Une autre question parfois soulevée dans ce débat est celle du don d’organes à un non-juif. De façon générale, je trouve que répondre à des avis proposant une graduation de la valeur de la vie humaine entre juifs et non-juifs, est généralement inutile, car elle donne trop de poids à une opinion cruelle et illégitime. Une fois n’est pas coutume, cette opinion me permet de rappeler les paroles du Rav Yossef Messas (1892-1974):
Et si un organe est donné par un juif à un non-juif, il n’y a pas de mal à cela. Tôt ou tard, l’inverse se produira et les [juifs et non-juifs] s’aideront mutuellement, sans compter qu’il est clair que [les non-juifs] sont plus nombreux [à faire des dons d’organes]. Par ce don, l’amour de l’humain pour son prochain sera connu de tous, sans distinction de religion, car tous sont les créatures du Saint-Béni-Soit-il.[3]

Alors que faire ?
Ce blog, en général, et cet article, en particulier, n’ont pas pour vocation de dicter une quelconque conduite aux gens mais d’informer et de débattre de sujets juifs peu ou pas abordés en France. Cependant, il serait malhonnête de cacher que l’auteur de ces lignes à sa carte israélienne de donneur (Carte Adi). Certes, les décisionnaires ne sont pas unanimes sur le sujet mais ceux autorisant ne manquent pas. Quitte à me tromper, je préfère que cela soit en sauvant des vies plutôt que l’inverse. Nous avons tous autour de nous des gens qui nous sont chers ayant été sauvés par un don d’organe ou étant décédés par absence de dons. Voilà pour nous l’occasion de nous engager à sauver nous aussi les proches d’autres personnes.
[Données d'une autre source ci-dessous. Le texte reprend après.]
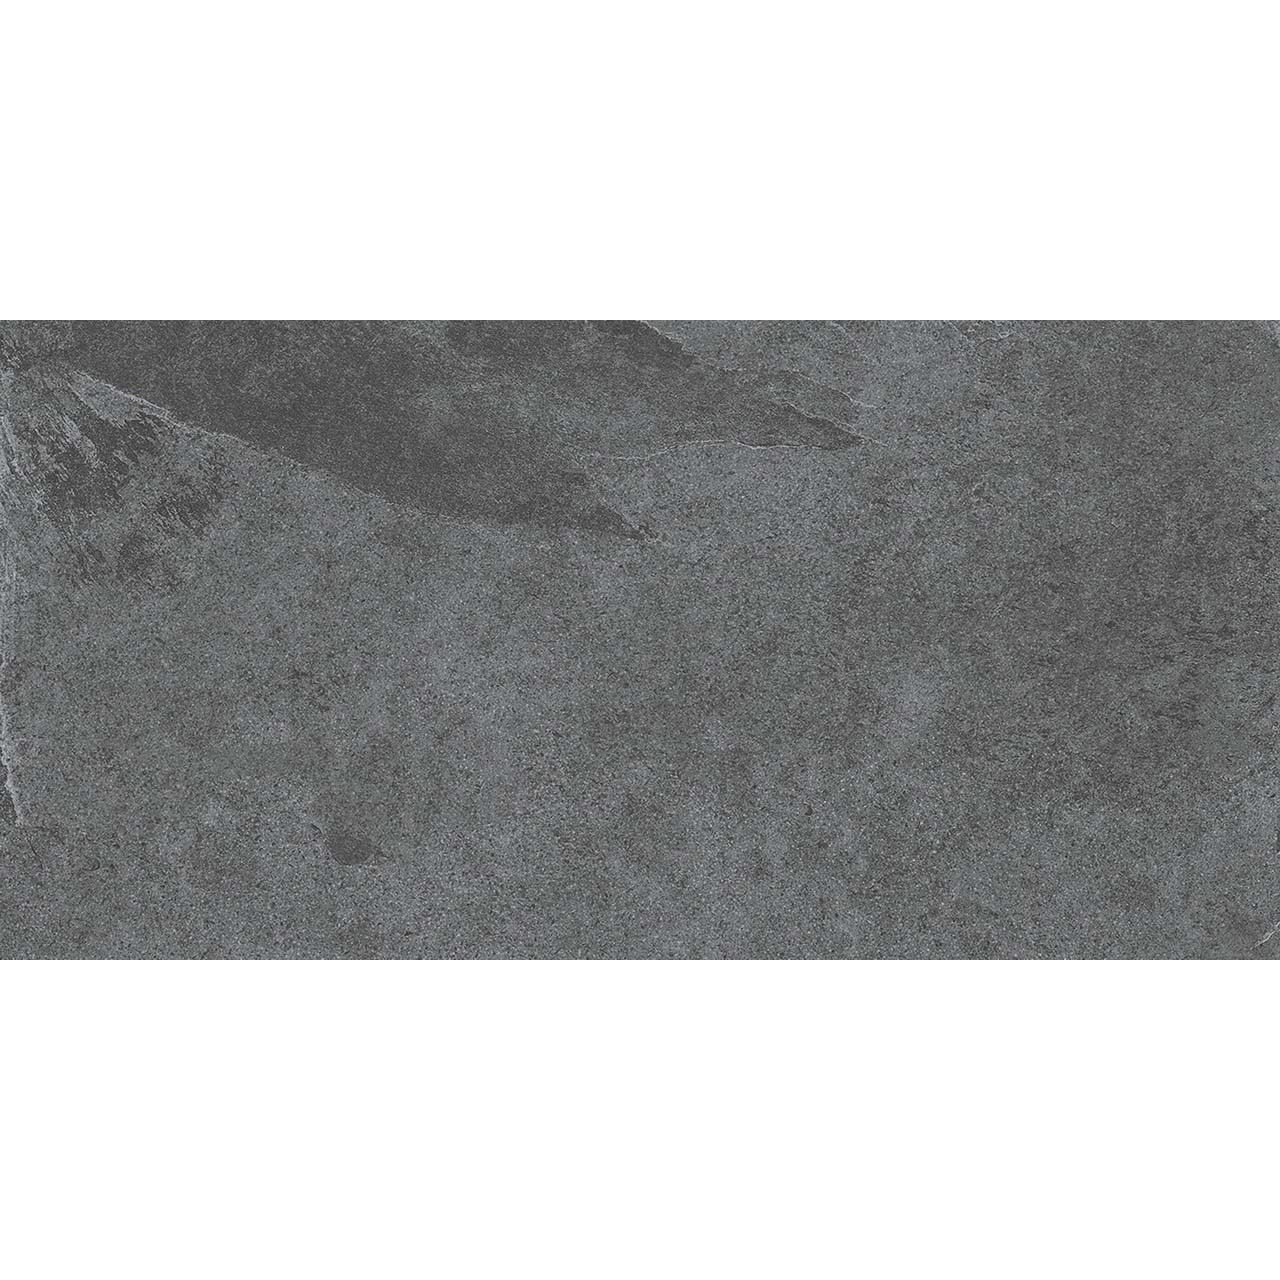 Плитка Estima Terra TE03 неполированный темно-серый 60x120 см плитка estima terra te01 36688 60х60 см неполированный бежевый
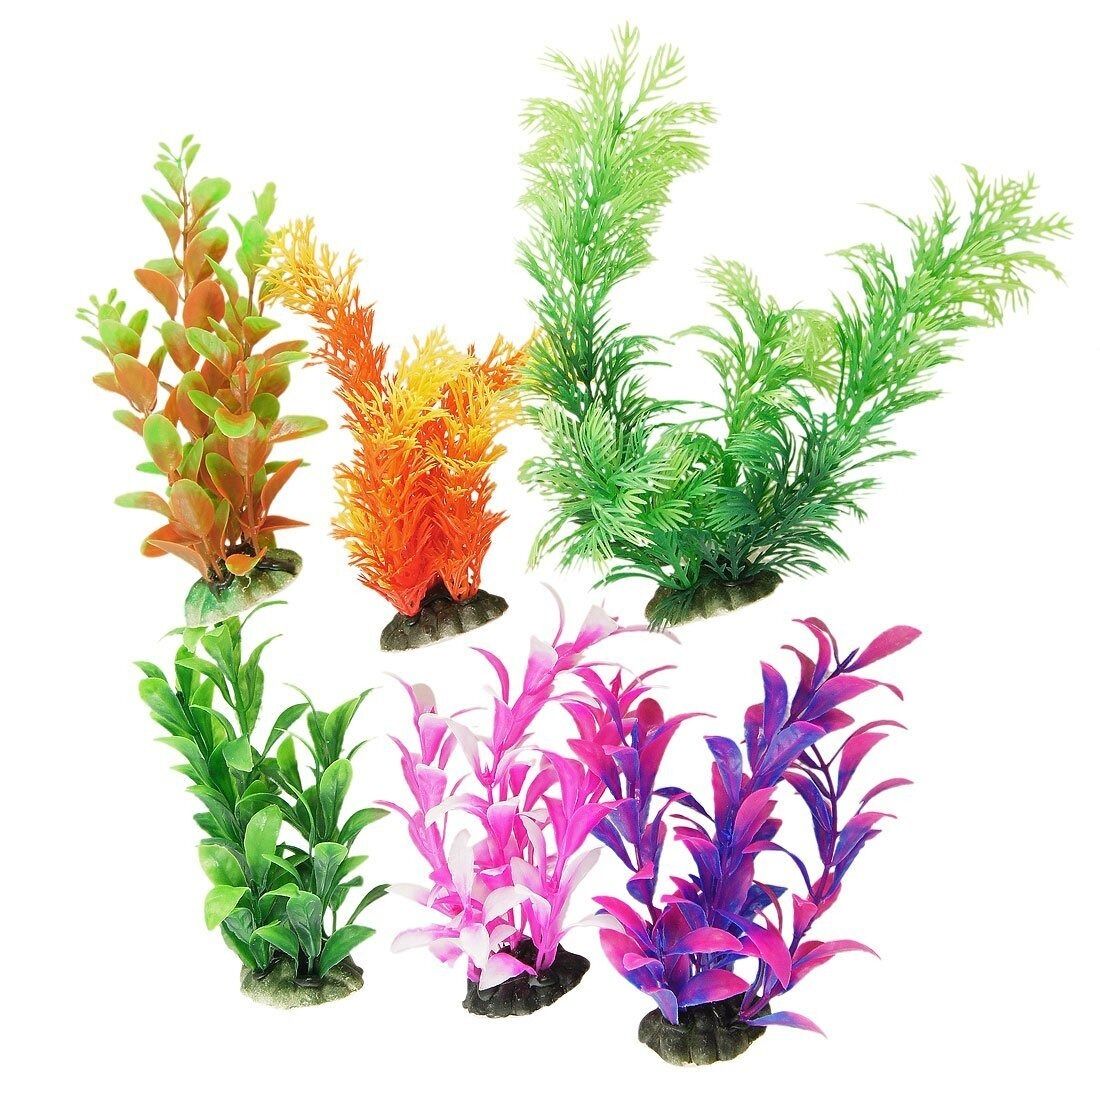 6 Pcs Color Realistic Decorative Aquarium Fish Tank Ornament Plastic Plants

Si vous êtes israélien, n’hésitez pas à demander votre carte de donneur sur le site Adi (cliquez-ici), qui possède toutes les recommandations rabbiniques nécessaires. Cette carte vous donnera également un droit prioritaire pour recevoir un don en cas de besoin.
Notes:
[1] Parmi eux, on peut citer le Rav S. Z Auerbarch, Assia 53 ; Le Rav Waldenberg, Tsits Eliezer 17:66 ; le Rav Ovadia Yossef, Yehavé Daat 2:14 ; le Rav Wozner, Shevet Halevi 7:235.
[2] Voir Assia (אסיא) numéro 7.
[3] R. Yossef Messas, Mayim Hayim, Vol. II, p. 201.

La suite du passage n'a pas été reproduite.